En délaissant l'importance journalière des travaux agricoles, Innocent Life semblait se diriger vers une sorte de mélange entre Harvest Moon et Animal Crossing, mais le flagrant manque d'intérêt des relations humaines oriente de préférence le joueur dans l'exploration minutieuse de son environnement naturel. Est-il utile de le préciser, celui-ci ne présente strictement aucun danger, donc ne cherchez pas de jauge de vie où de munitions pour fusil de chasse. Par conséquent, il est bien compliqué de catégoriser Innocent Life dans un seul genre. On peut même lui créditer un zeste de jeu de rôle, notamment lorsque l'on collecte les cristaux dans des grottes, où quand nono le robot renforce ses aptitudes avec l'expérience. Pour se défaire de l'emprise permanente que réclame le travail de la terre, le Docteur Theo vous offrira assez vite un petit frère bien utile pour vous assister. Plus politiquement correct que l'abus d'OGM (on échappe à José Bové en dernier boss) ce robot assistant et docile remplira de nombreuses opérations à votre place. Si c'est toujours le joueur qui doit organiser ses plants et bécher le sol, la suite est prise en charge par votre ami qui ne manquera pas d'arroser chaque jour vos cultures. Enfin, avec sa musique mélancolique et superbe, la gravité de la tâche de Innocent Life prime sur le côté bucolique.

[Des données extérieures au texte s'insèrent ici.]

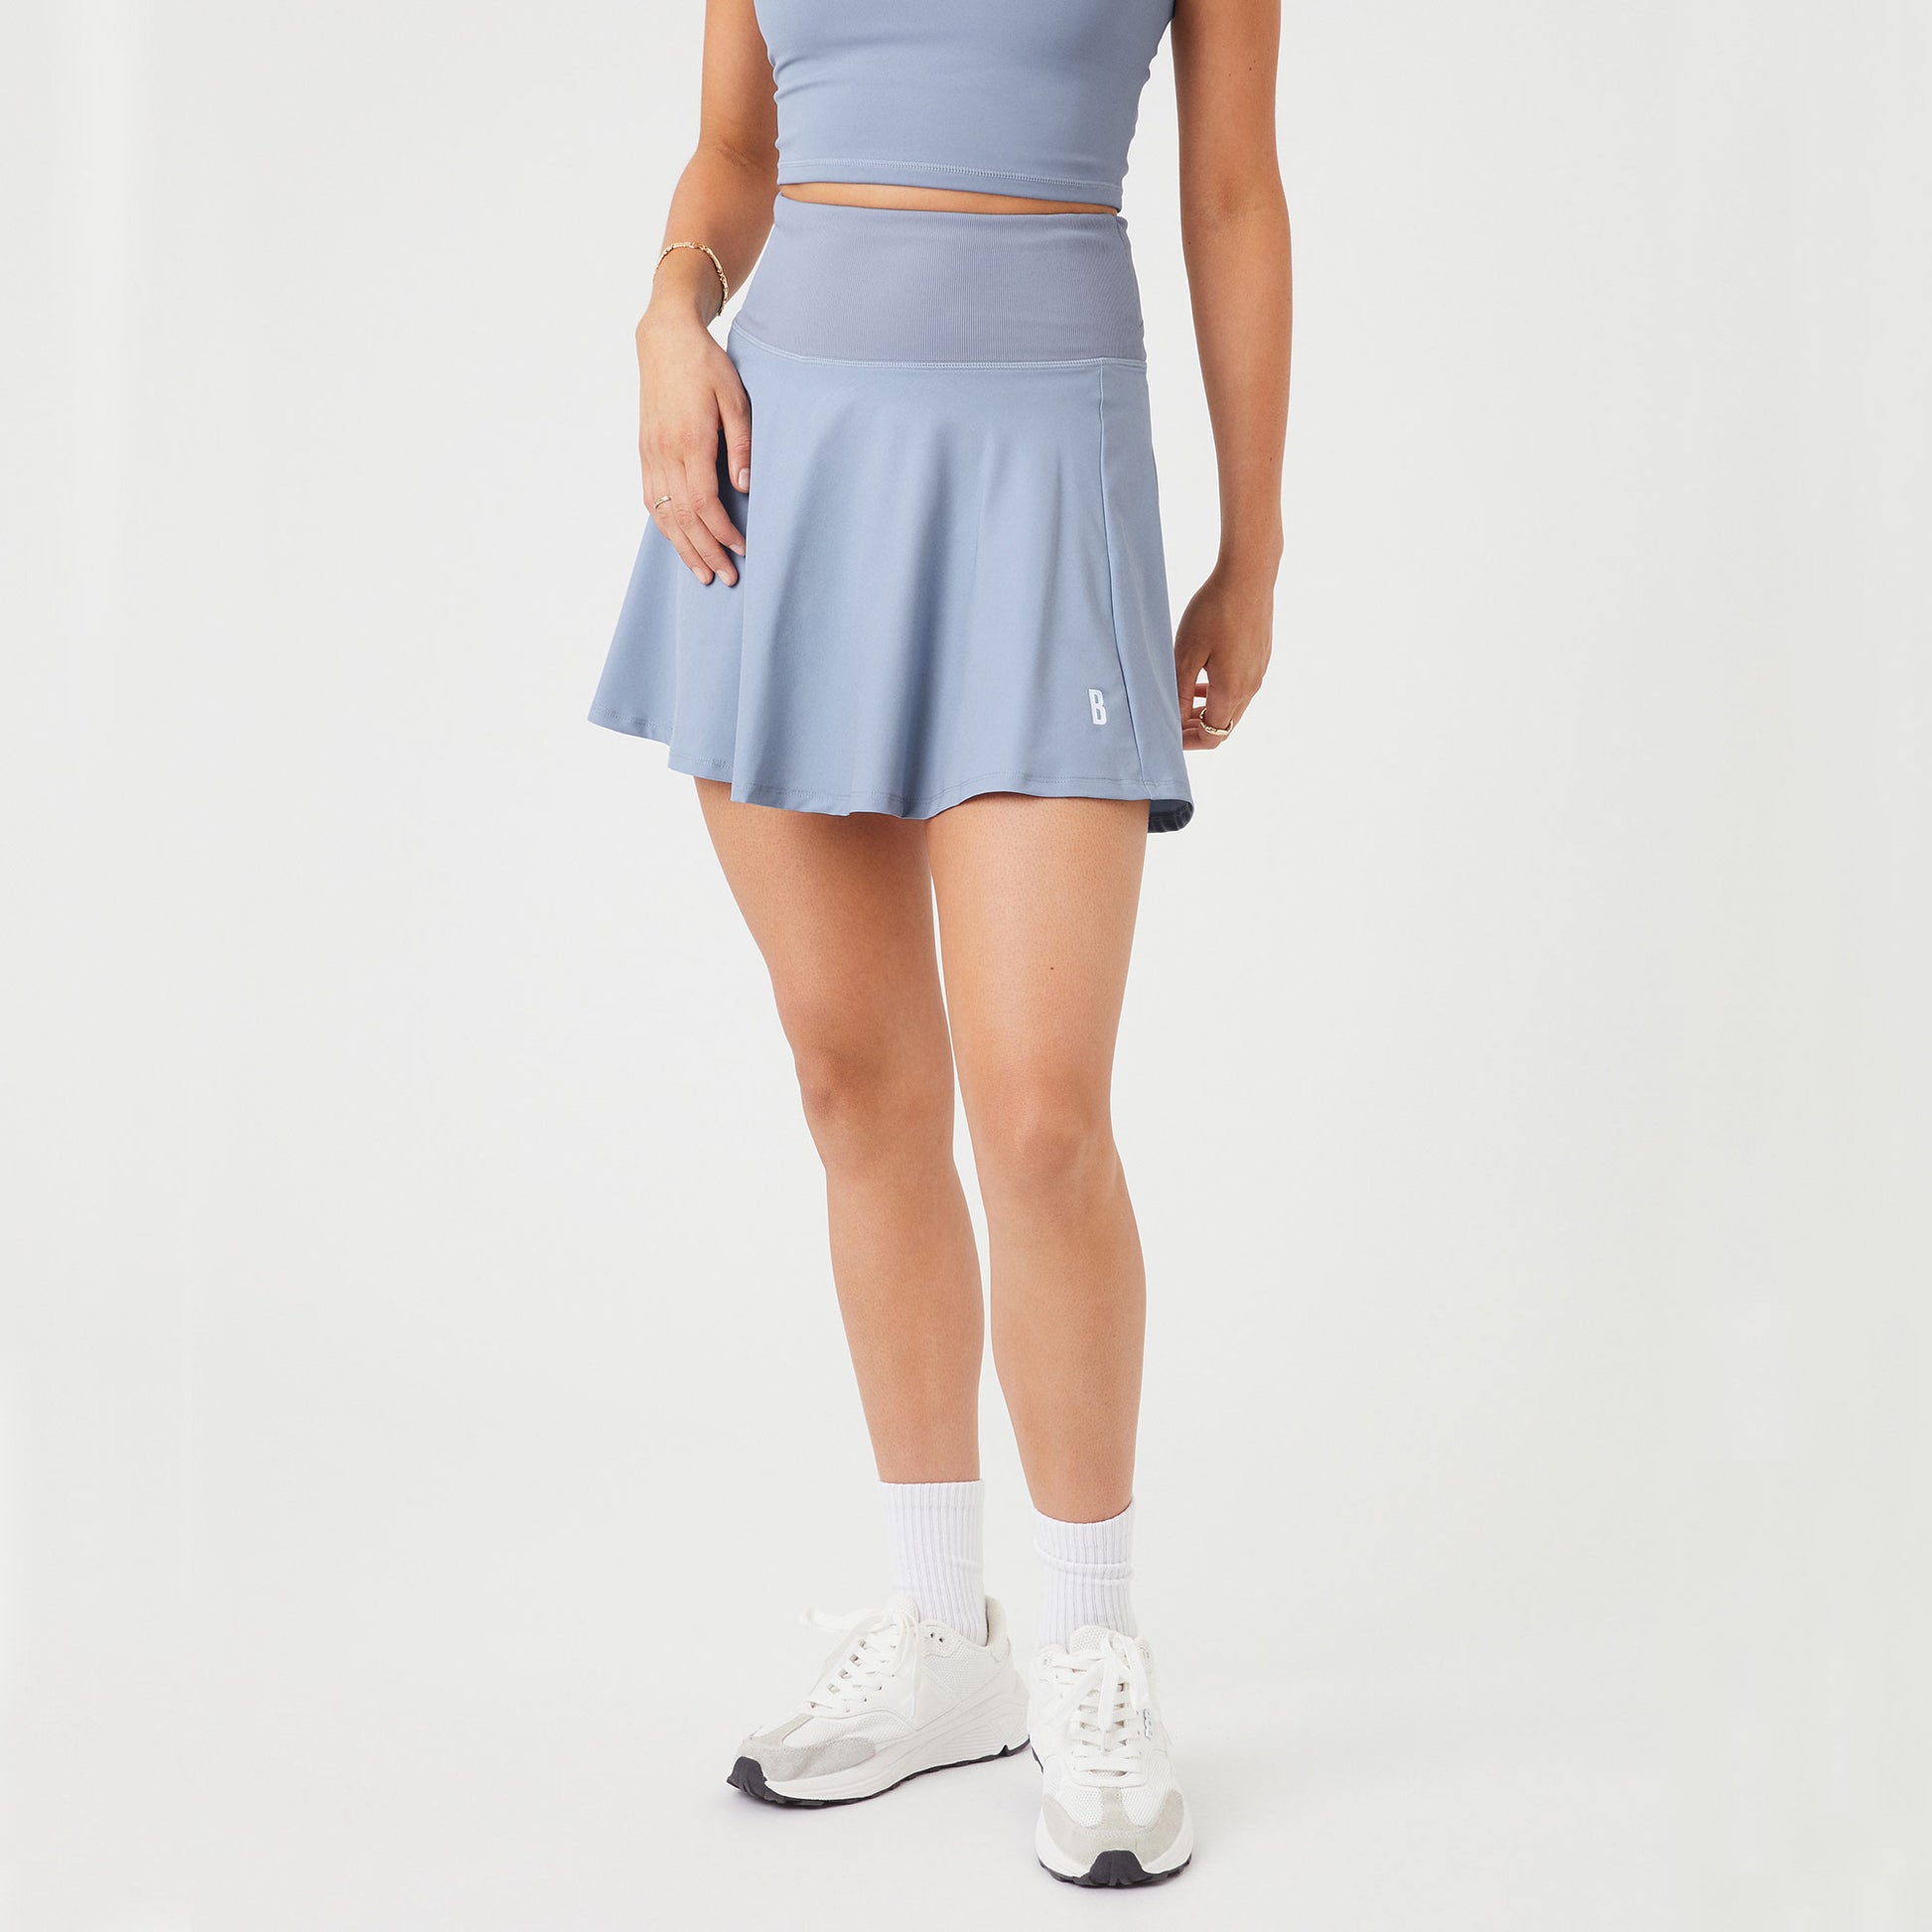 Björn Borg Ace Women's Rib Pocket Tennis Skirt Blue (1)

Finalement, n'ayant rien de particulier à faire pour survivre, ni de compte à rendre à qui que ce soit, on réalise qu'il n'est pas nécessaire de se tuer chaque jour à la tâche agricole. Le développement du jeu est bien moins basé sur vos récoltes et sur l'argent que vous en tirerez, que sur l'exploration de votre environnement, lequel s'effectue très progressivement. Trop progressivement peut-être, car si l'on commence à se défaire un peu des contraintes matérielles à compter de la seconde année (déplacement rapide en quad, fin de la maintenance hebdomadaire, aide au développement agricole) il faut savoir que le début du jeu est d'un rythme absolument calamiteux. On constate malheureusement très vite que le petit monde qui vous entoure ne va pas s'avérer bien passionnant, et la nature vierge de l'âme du petit robot dévoué est prétexte à un tutorial soporifique qui semble presque ne jamais prendre fin.